It's good that she runs with me when I take the dog out every other day. (We run on the flat parts and downhill, and walk up the hills. It's a lot like life.) It's the only time that I hear the stories that lie hidden when we're in the car, riding along with that mind-numbed autodeath that seems to come when you're in transit. They call it comfortable silence, but we know it's really the lapse of spirit when the ass is flat. For some strange reason, when the ass in upright and being a part of a blood-pumping, sweating, living and breathing body, the mouth loosens up. When we're at home, the death of consciousness takes over. So these outings, every other day, are the best time to find out what happens between those two ears that border the brain that controls the body which used to sit on my lap and cuddle with me, or play rough on the bed. She'll be driving herself in cars in just a couple of months, so who knows how much longer I have to find out where she's at?

The best age was somewhere around three or four or five. It's hard to remember. You wait so long for them to be able to talk to you, and then there's a point where you wish they'd shut up. That window of perfection is between three and five, for sure.

We take the Lhasa Apso out every other day, and up at the top of the route there's a bunch of houses with a bunch of little kids. They're out there, playing in the yards, almost every time we go by. We know them now, by name and by personality. The ones we pay special attention to are in that three to five age range. She knows that was special. We don't discuss it, but she knows life will never be better than that. She might say something like, "Man, I'm jealous of those kids," and we don't need to dissect that statement. She knows I know and I know it, too. I'm not so old that I can't remember perfect bliss of the moment living.

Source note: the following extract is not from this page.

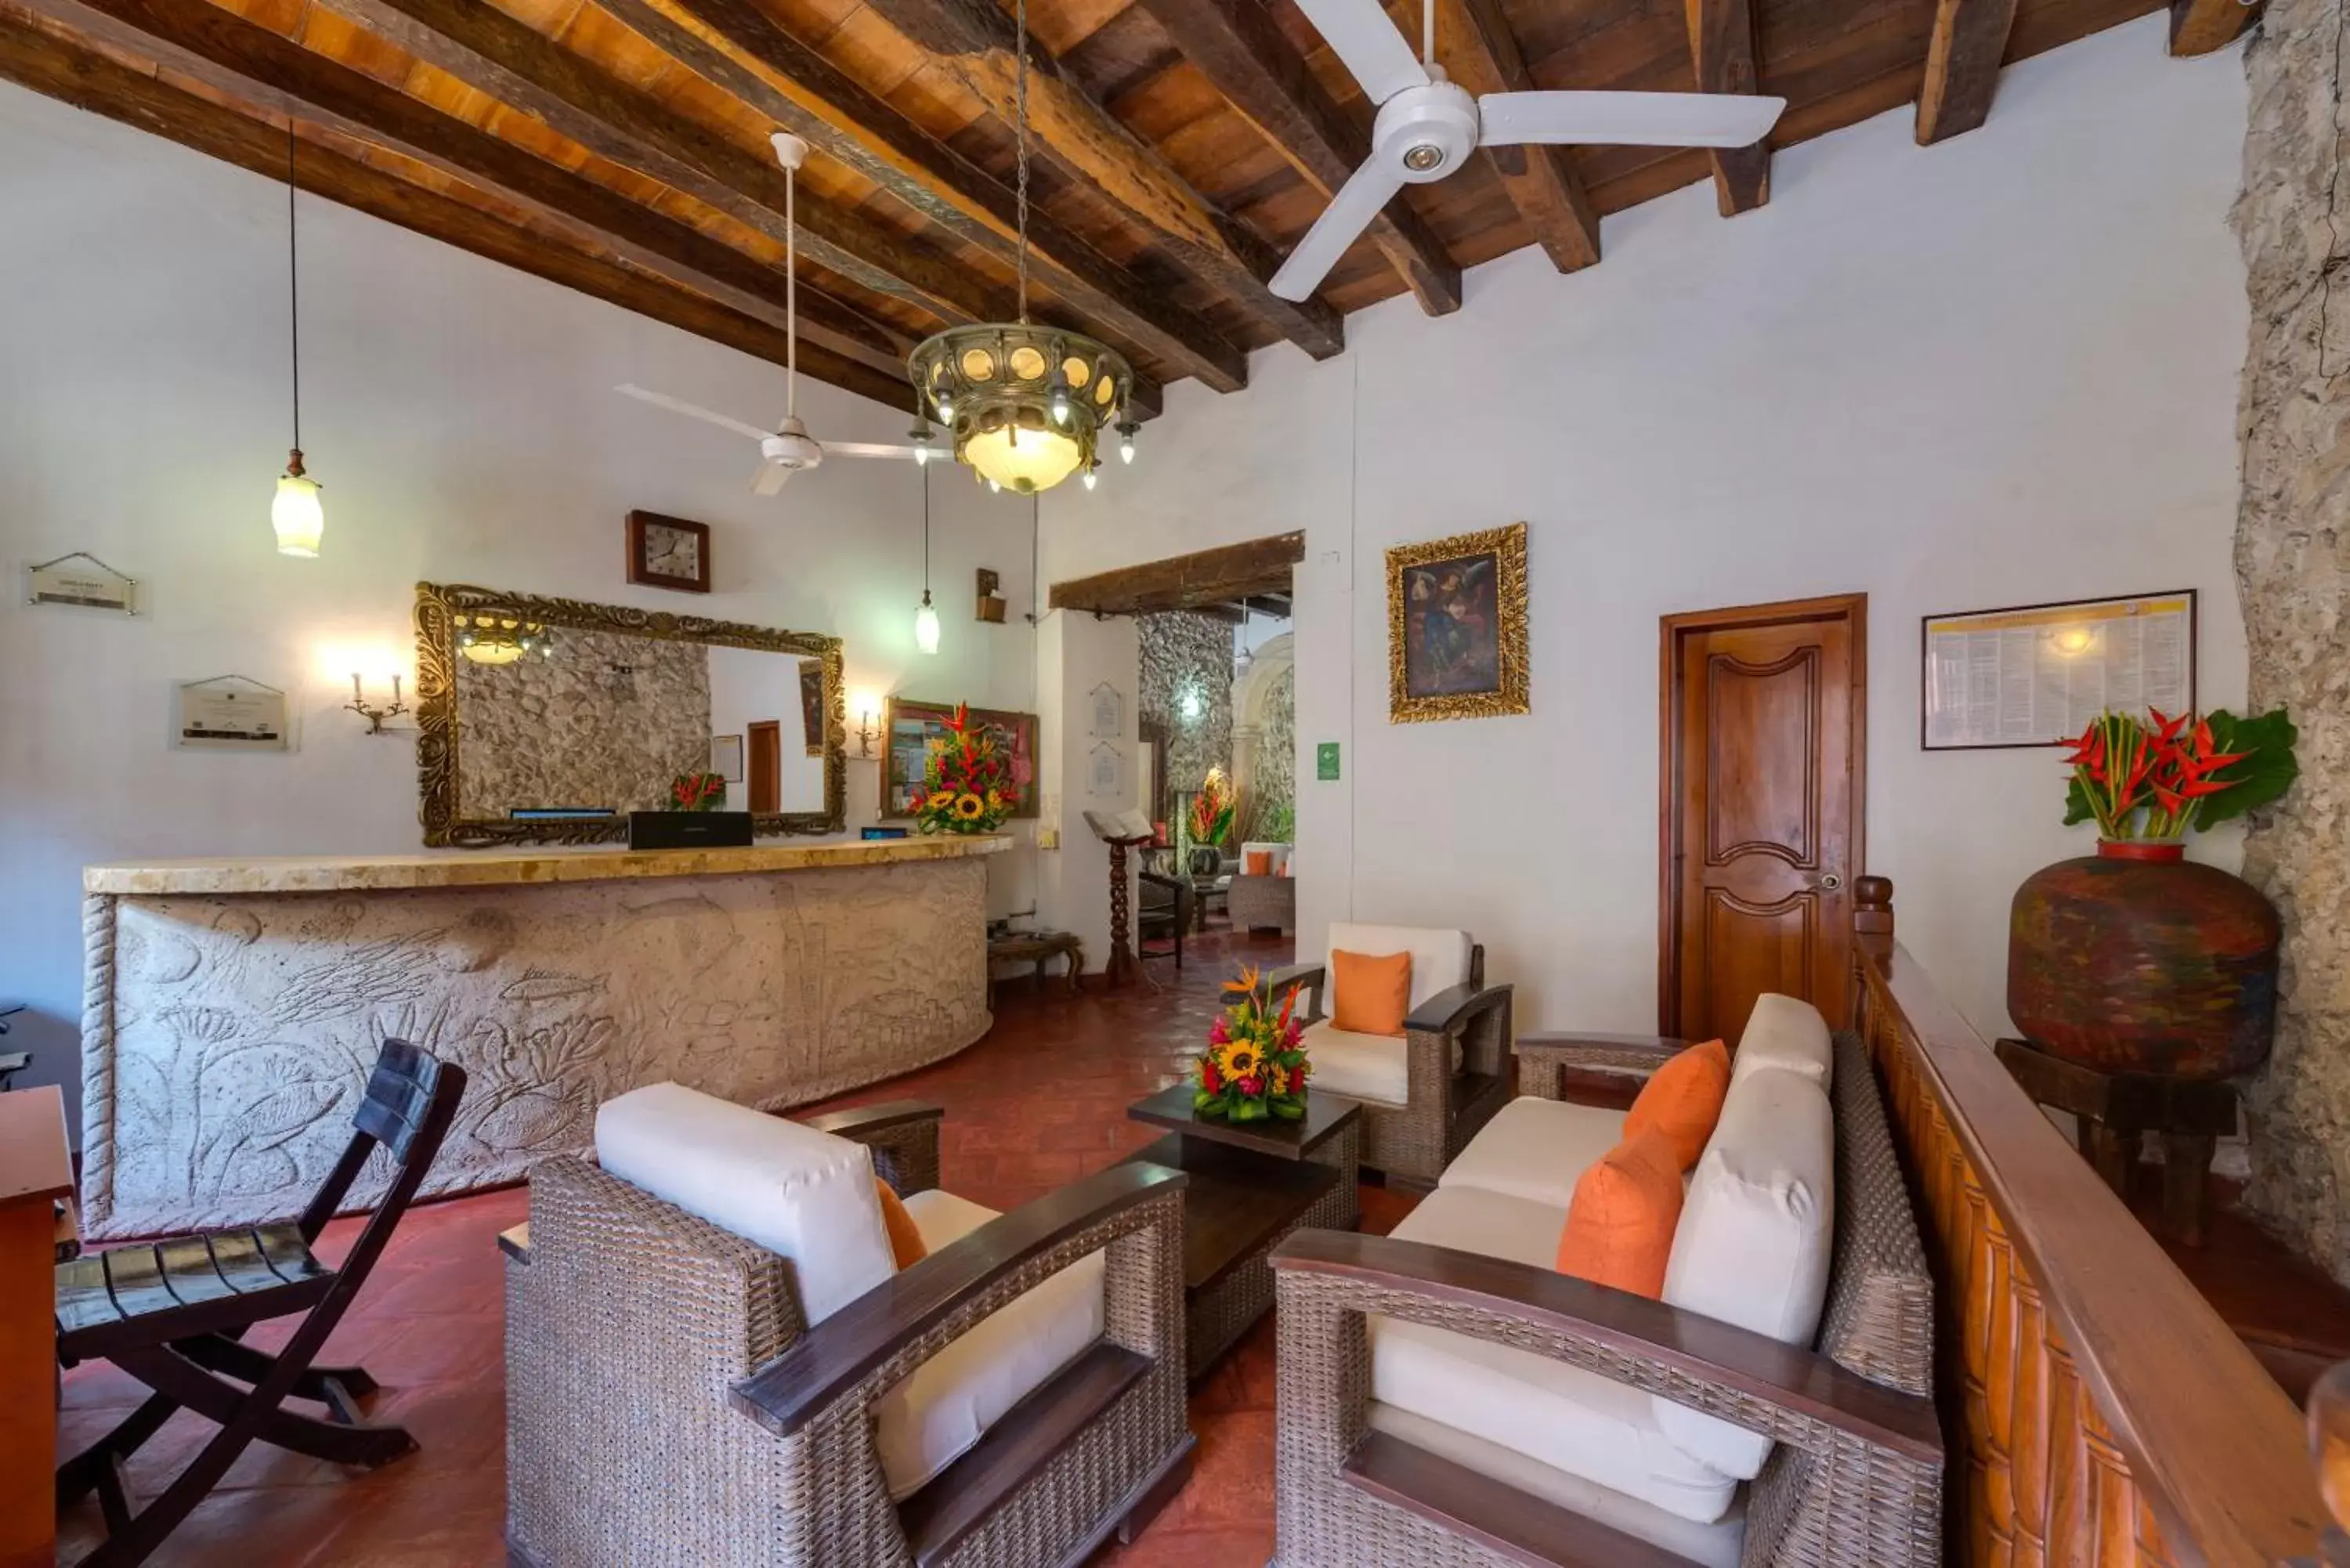 Lobby or reception in Casa Del Curato

One of the kids is named Danny. He's a little blonde boy with a touch of madness in him. He'll build little ramps to ride his bicycle over, trying his best to make sure he never has to go to school and get a job. The other day, we're running by his house and he's beating the ground with a plastic hockey stick. I say, "Hey, Danny. What are you doing?" He says, "I'm fighting the fire ants." As we're passing away, I say, "The ants will win, Danny. . . They always win."

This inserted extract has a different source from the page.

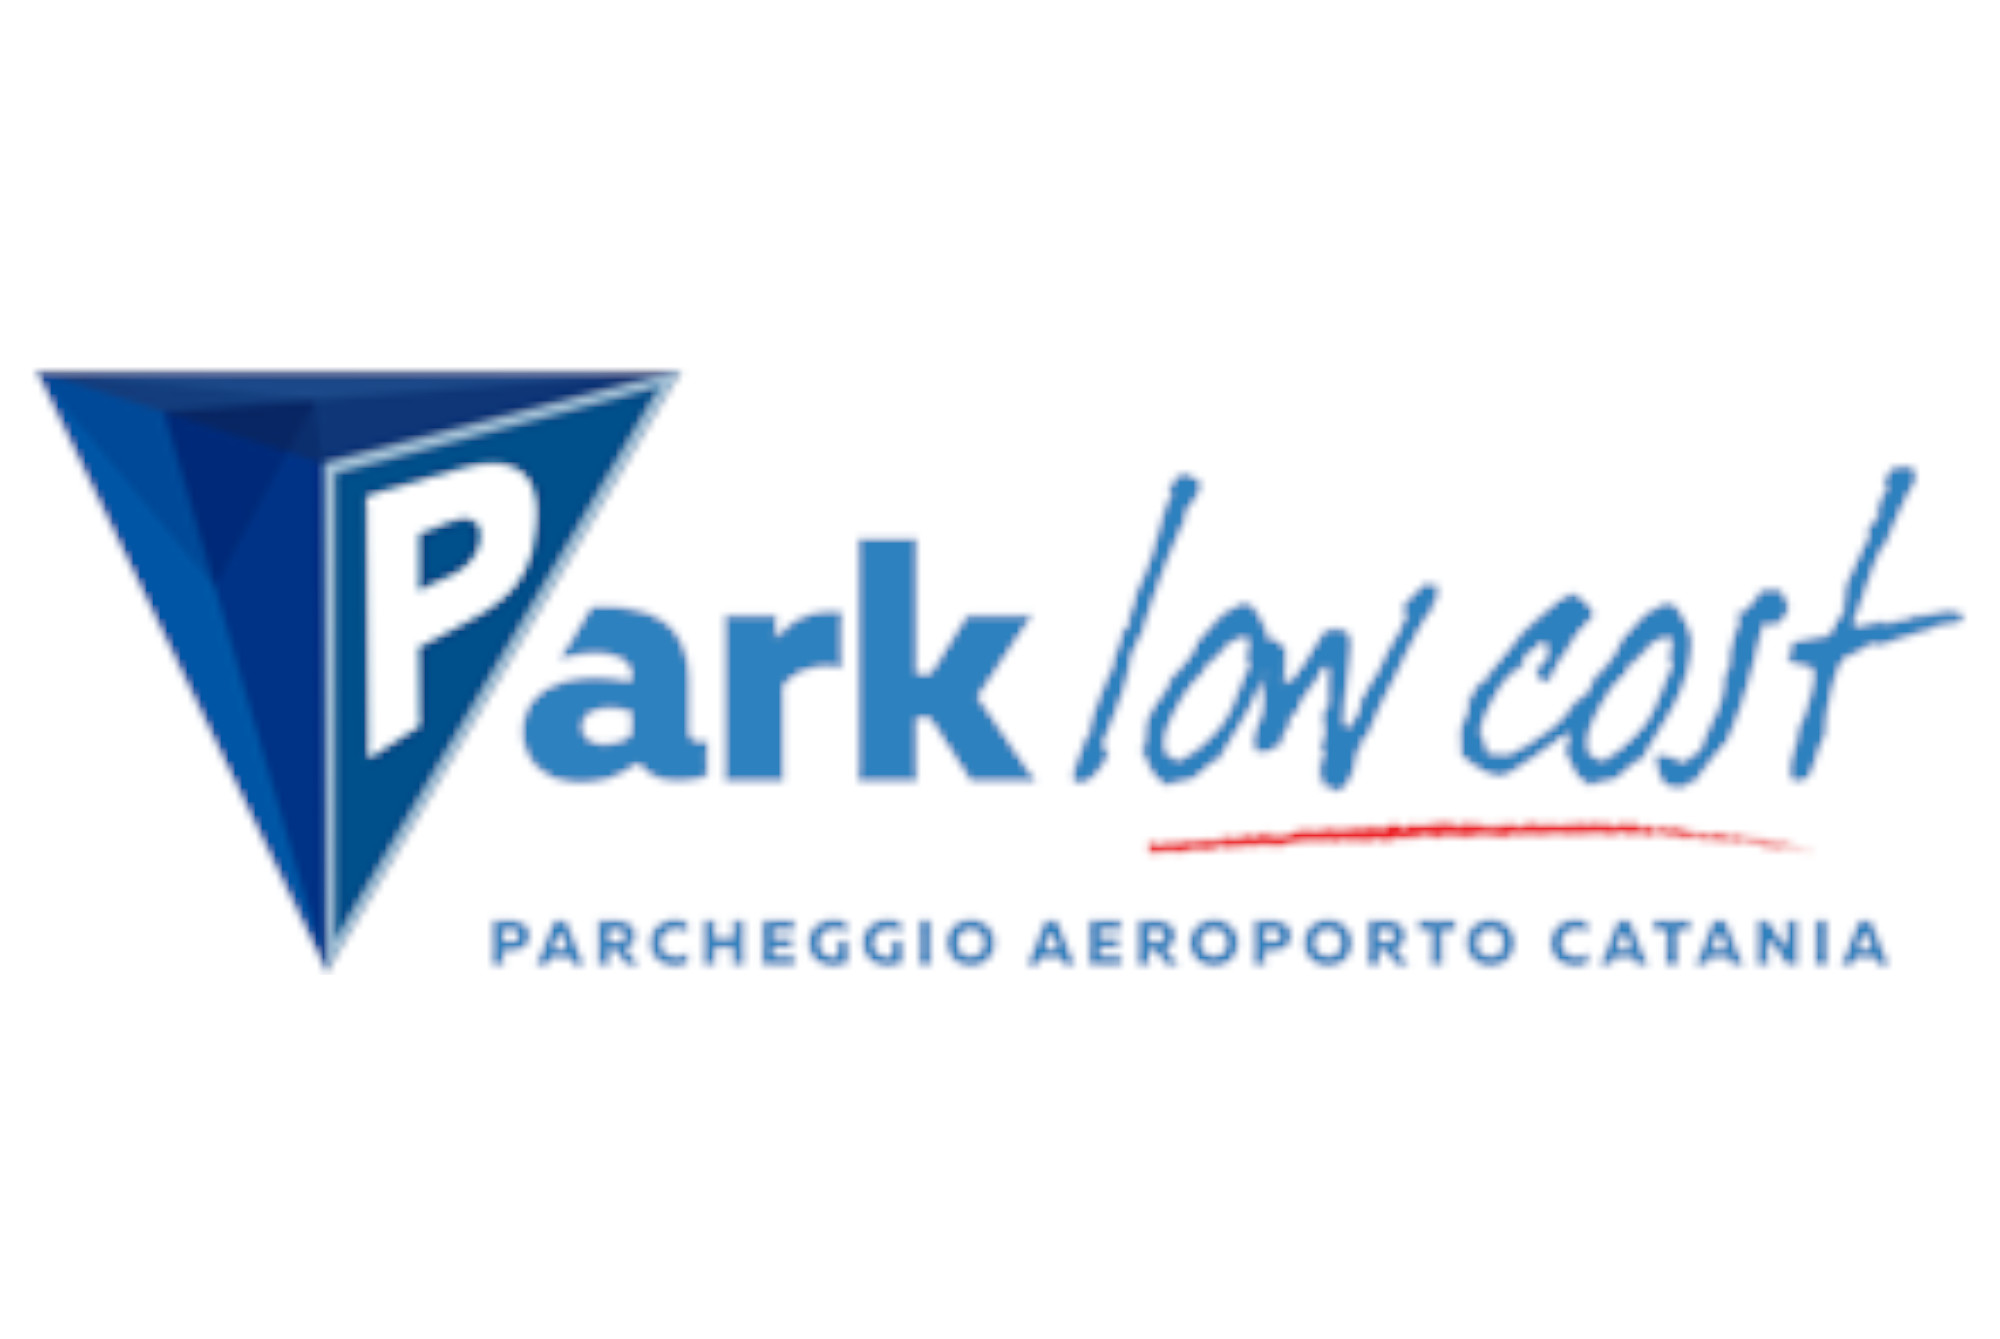 ParkLowcost (Paga online) - Parcheggio Aeroporto Catania - picture 1

My daughter starts laughing like crazy. She thinks this is the funniest thing she's heard all day. She says it reminds her of the bad remake of Invaders From Mars, a stupid science fiction movie we saw a long time ago, about a space craft that lands and this little boy is the only one in town who knows the danger. The aliens set up shop underground and start planting these chips in people, in the backs of their necks. There's this one evil lady (Mrs. McKeltch, played by Louise Fletcher) from his school who is running after him, shouting, "I'll get you, David Gardner!" That was our special laugh-getter for a while. All we had to do, in any situation, was say, "I'll get you, David Gardner!" and everything was funny again.

Before that, it was a thing from the Dracula story. She always loved scary stories, and instead of reading a bedtime story, we'd lie there in bed in the dark, telling made up scary stories to each other. Sometimes we’d make them up together. I’d tell a little part and then she’d tell a little part and we’d keep going until someone would end it. That was hardly fair on my part, since I had a lifetime of stupid horror movies and comic books and my own sometimes very scary life under my belt, and she was having to do what real storytellers do: Make it up from imagination alone. She’d hold her own, however.

One night, I was telling my version of the Dracula story to her, and when it got to the Undead part, I tried to do an echo thing like you hear on bad car commercials. You know: Saying, "Undead. . undead. . undead. . undead. ." with each one trailing off at the end. Well, she starting laughing her little ass off and all the fear quotient of the story just turned to hilarity. That "undead" deal lasted a long time, but the "I'll get you, David Gardner" took it's place eventually. After that, it was the "Piper doon" and "Heeed" from So I Married an Axe Murderer. She thinks like I do, so we usually laugh at the same stuff.

But here's why I'm telling you all this (I think). Yesterday we were running by those houses and the little brunette girl, Katie, who loves my dog, started running along with us. We stopped and started to walk, and she said, "I learned how to jog today!"

I said, "Didn't you already know how to run?"

"Uh-huh."

"Well, running is just another word for jogging, isn't it?"

"Nuh-uh. You gots to do your knees different when you jog."

"Oh," I said. "I think I know what you mean. Well, are you going trick or treating this year?"

"Nuh-uh. The man on TV said kids couldn't do trick or treat 'cause folks would try to poison us. So we gotta go to our church or somewhere elst inside."

My heart sank. My daughter couldn't think of anything to say. We reached the stop sign where we had to turn left and run down the big hill. Katie said, "This is my boundary. I can't go past here."

Her boundary, indeed. I patted her on her little head and said, "Honey, no grown up around here is going to hurt you. I promise. OK?"

I wish I had known something better to tell her. But she smiled, like they do at that age, and said, "Bye." And then she yelled, "Bye, Mitzi!" to my dog as we ran away, down that hill. Leaving her there, still waving.

I’m hoping that one day soon, my daughter and little Katie and little Danny and I can all have a big bowl of buttered popcorn as we watch a public hanging on her big screen TV.